Simeon Račanin (Симеон Рачанин; 1676–1700) was a Serbian Orthodox monk and translator. He is mentioned in 1700 along with several other monks at the Rača monastery, all wearing the epithet Račanin: Kiprijan Račanin, Jerotej Račanin, Hristifor Račanin, Ćirjak Račanin, Teodor Račanin, and Gavrilo Stefanović Venclović-Račanin. One of Simeon's works, dated to 1676, is held at the National Museum (Prague).

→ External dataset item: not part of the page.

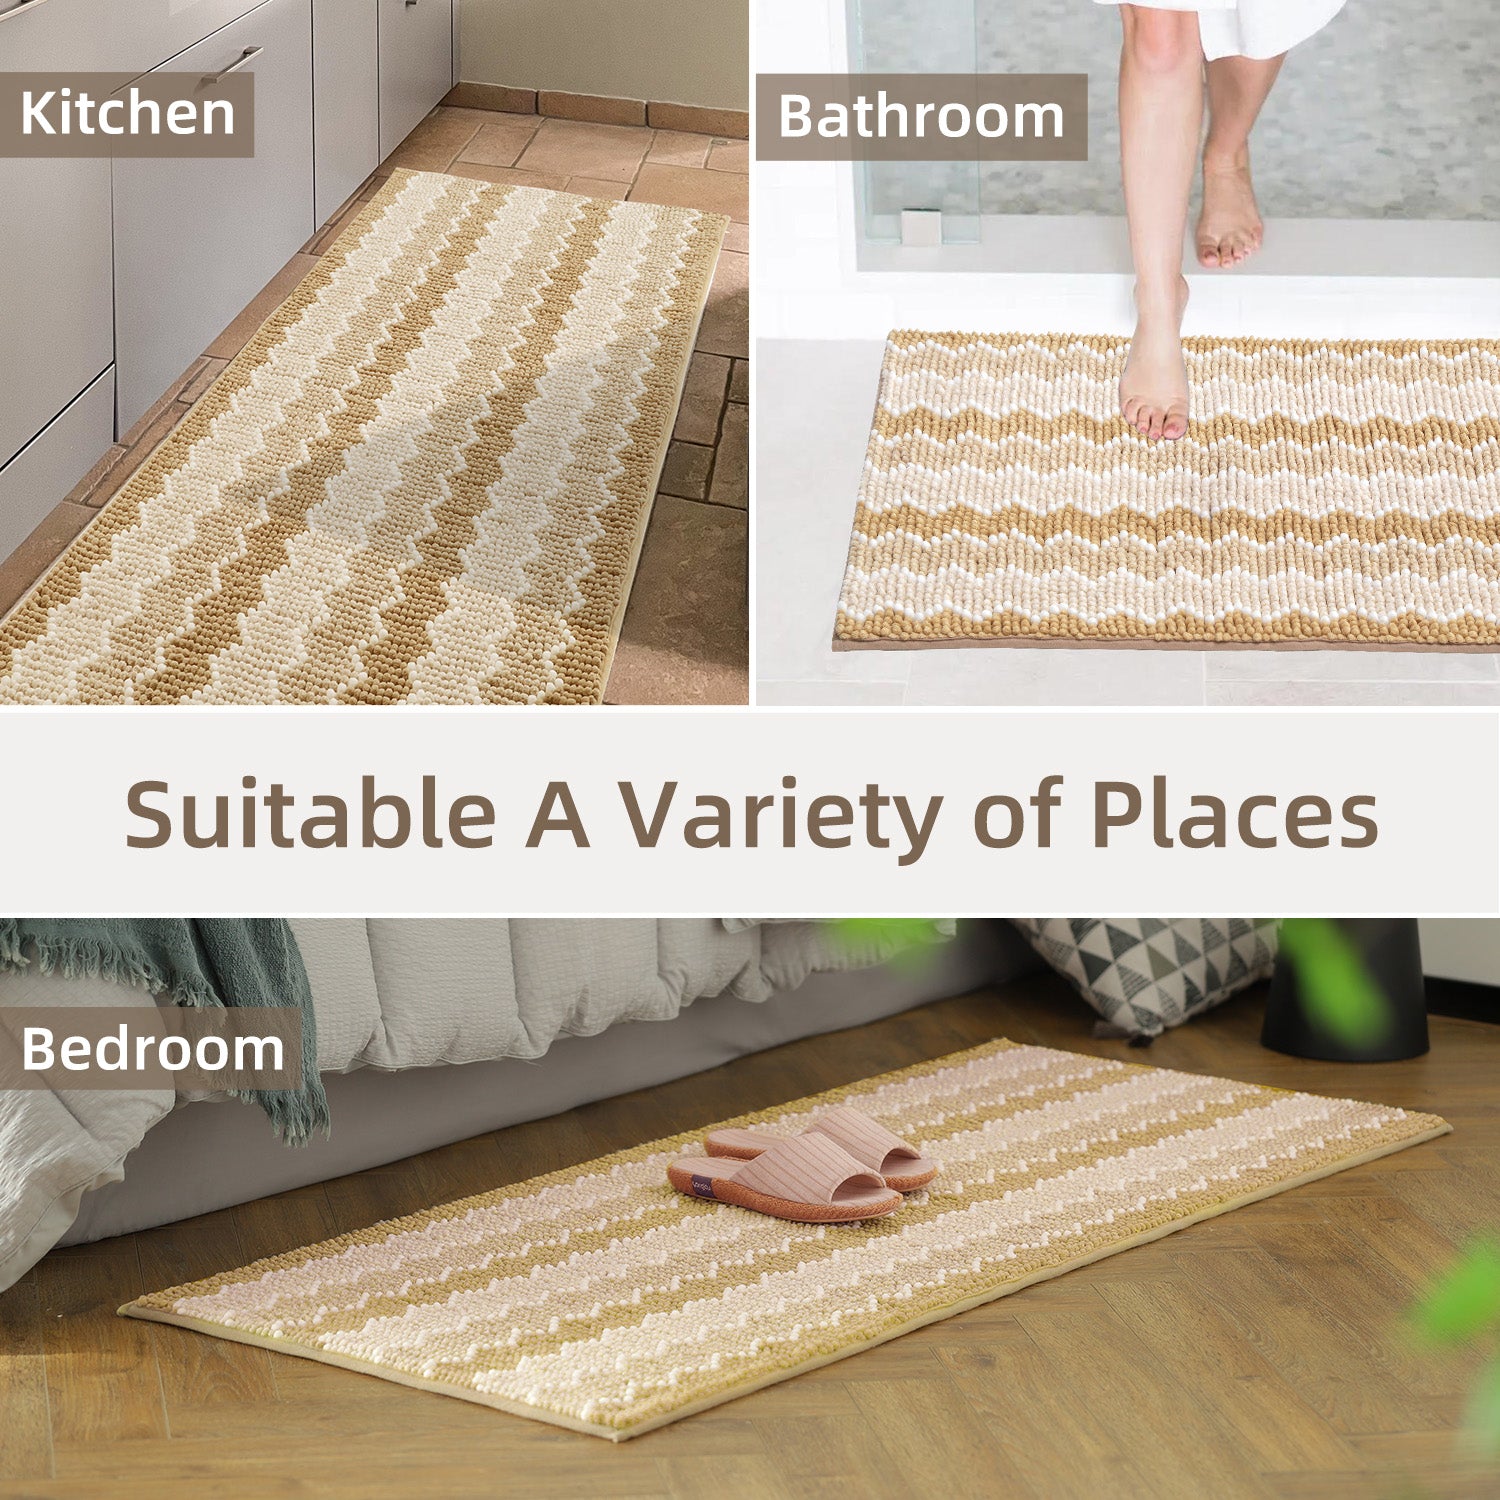 SONORO KATE Bathroom Rug, Non Slip Bath Rugs, Soft Cozy Durable Thick  Chenille Bath Mat, Ultra Water Absorbent and Fast Dry Bath Mats for  Bathtubs

He was one of an elite group of educated and anonymous monks (addressed only by their monastic name) of the Monastery of Rača in Bajina Bašta, near the Drina River, to make his mark in the eighteenth-century Serbian literature. All the members of the School of Rača spoke and wrote little about their past; giving precedent to the work at hand. We do know, however, that Simeon was orphaned early, and brought up by his relations. He was sent to the Rača Monastery where he received an excellent education for the period. He learned Greek, Latin, Old Church Slavonic and most of the Slavic dialects and languages, including Russian and Polish.

==Works==
The Museum of the Serbian Orthodox Church is in possession of a small number of ornately decorated manuscripts by unknown scribes, though a few have been identified, namely Simeon Račanin.

==See also==
- Gavrilo Stefanović Venclović
- Čirjak Račanin (1660–1731), Serbian Orthodox monk and writer
- Kiprijan Račanin (1650–1730), Serbian Orthodox monk and writer
- Jerotej Račanin (1650–1727), Serbian Orthodox monk and writer
- Teodor Račanin (1500–1560), Serbian Orthodox monk and writer
- Hristifor Račanin (1595–1670), Serbian Orthodox monk and writer
- Prohor Račanin, Serbian Orthodox monk
- Grigorije Račanin ( 1739), Serbian writer
- Jefrem Janković Tetovac

==Sources==
- Skerlić, Jovan (1953). "Istorija nove srpske književnosti"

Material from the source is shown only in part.